В тот день я даже на обед не пошел, так зачитался. Лежал на топчане в хорошо натопленной комнате, жил в ледяном доме, жил судьбой…
Узнавал Колбенко по шагам на лестнице. А тут не узнал — чужая поступь. Дверь распахнулась точно от удара сапогом, с грохотом, будто пьяный ввалился. И не закрылась. В проеме ее стоял Константин Афанасьевич — в одном мокром кителе, без фуражки. Лицо его показалось страшным. Парторг вытер его ладонями, как бы будил себя от кошмарного сна.
Я подхватился, пронзенный ужасом, какого никогда, кажется, не испытывал; почему-то показалось, что случилось что-то страшное с товарищем Сталиным.
Стоял босой и глядел на парторга во все глаза, боясь спросить. Удары собственного сердца, отдававшиеся в висках, в кончиках пальцев, показались оскорбительными для того неизвестного, кошмарного, что произошло, пока я читал о давней жизни. Спросить боялся, что же именно привело к такому неутешному отчаянью человека, умевшего владеть собой в самых тяжких обстоятельствах.

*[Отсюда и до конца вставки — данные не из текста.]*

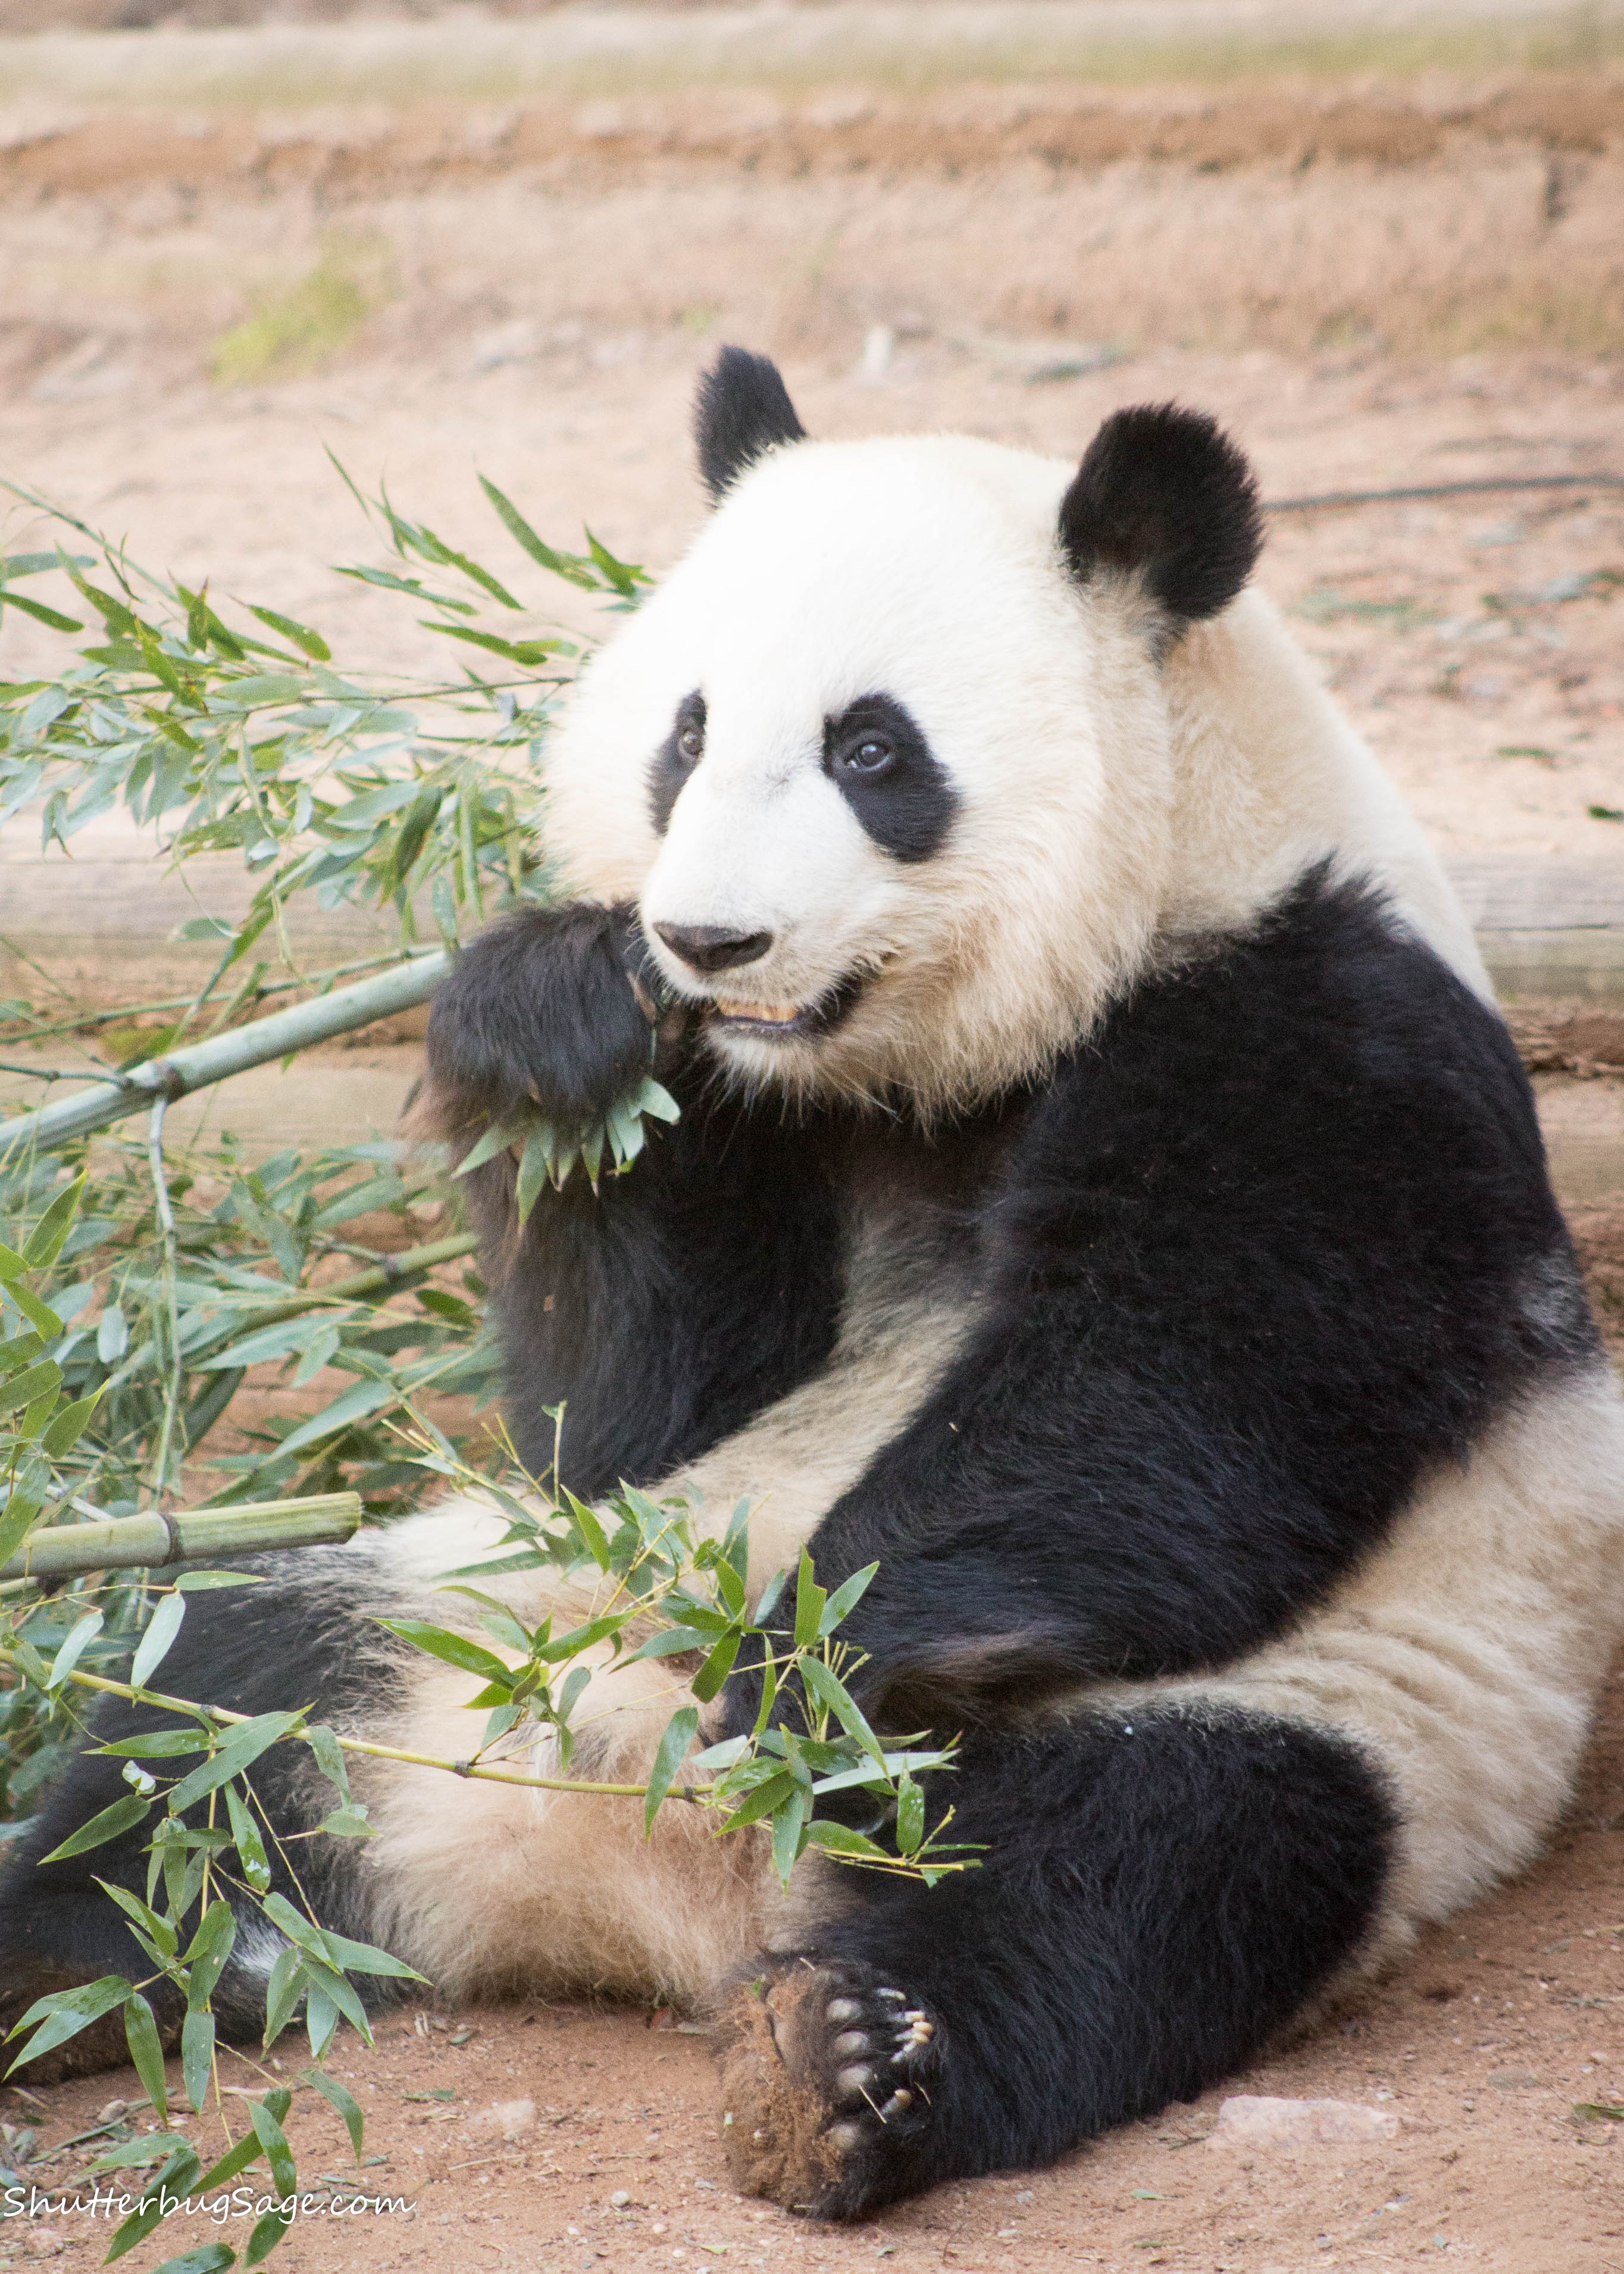 Zoo Atlanta: Giant Pandas | ShutterbugSage.com

Колбенко снова вытер бледное лицо, уронил руки и со странным всхлипом прошептал:
— Пахрицина… за-застрелилась…
А во мне этот шепот-всхлип грянул залпом сотни батарей. Оглушил. Какое-то мгновение я ошалело смотрел на Константина Афанасьевича, будто не доходил до смысла его страшных слов. Да и как дойти! За войну свыклись со смертями. Лида погибла… Как болело! Но погибла как солдат — от вражеской мины. А тут что? Смешались чувства. Вырвался протест: как ты могла, Любовь Сергеевна?! Как могла?! Каждая жизнь дорога! Каждая жизнь!.. Но все глушила боль. Боль… Боль…
— Вот так, Павлик, оно бывает…
Тогда я упал на стол. Ударился грудью, застонал, заскулил, завыл. Смял бумагу. Бил пол ногами.

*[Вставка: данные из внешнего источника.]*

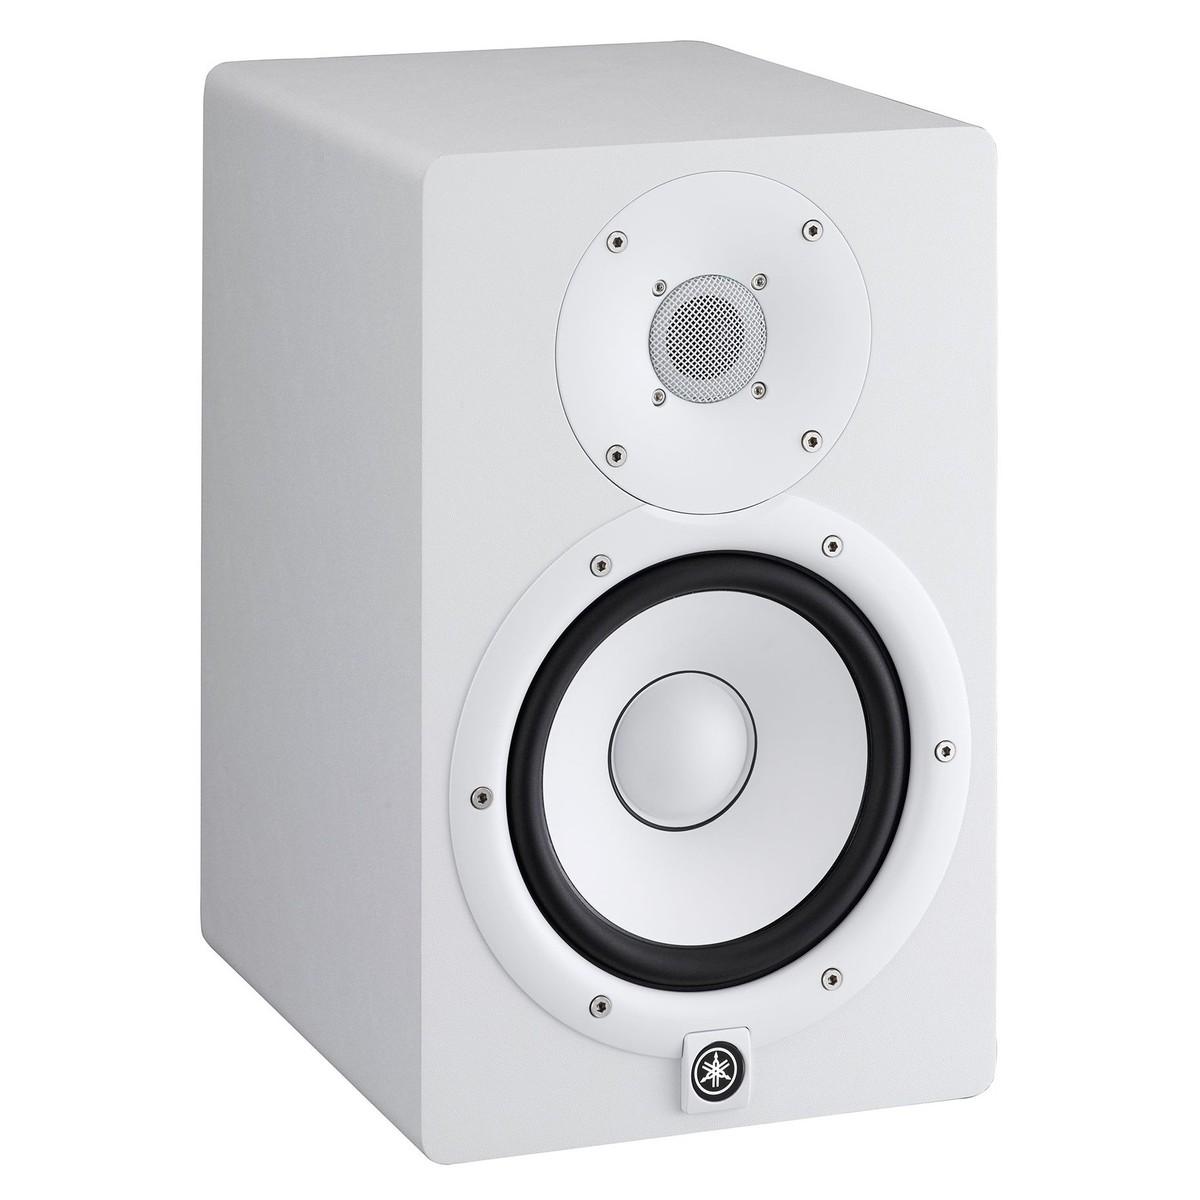 yamaha hs7w full range studio monitor white b stock at gear4music. Black Bedroom Furniture Sets. Home Design Ideas

— Я застрелю его! Застрелю!
Часть третья
1
Состав стоял на неизвестной станции. Яркий свет солнца, только что выкатившегося из-за горизонта, залил вагон. Солнце меня разбудило. Я свесил голову с верхней полки и заглянул в небо — привычка зенитчика. Оно было не по-февральски ясное и теплое. Такое небо мы когда-то не любили. Но теперь оно радовало. Опротивела зима. Хотелось весны. Хотелось так жадно, наверное, еще потому, что она будет весной Победы. Войска Первого Белорусского фронта вышли на Одер. И мы догоняем этот фронт. Снова догоняем фронт, как прошлым летом Карельский. Тогда не догнали. Догоним теперь? Уверенности мало: третью неделю в дороге. А так ли уж длинна дорога от Петрозаводска до Бреста! Нас обгоняли эшелоны с танками, пушками. А наши пушки, выходит, командованию не особенно нужны. Неужели совсем выдохлась фашистская авиация? Или там много у нас средств противовоздушной обороны? Да, теперь небо стерегут истребители! Они и вправду уничтожают несравнимо больше вражеских самолетов, чем мы, зенитчики. Они господствуют в небе. Да в каком небе! Над Германией. На голове хочется ходить от радости!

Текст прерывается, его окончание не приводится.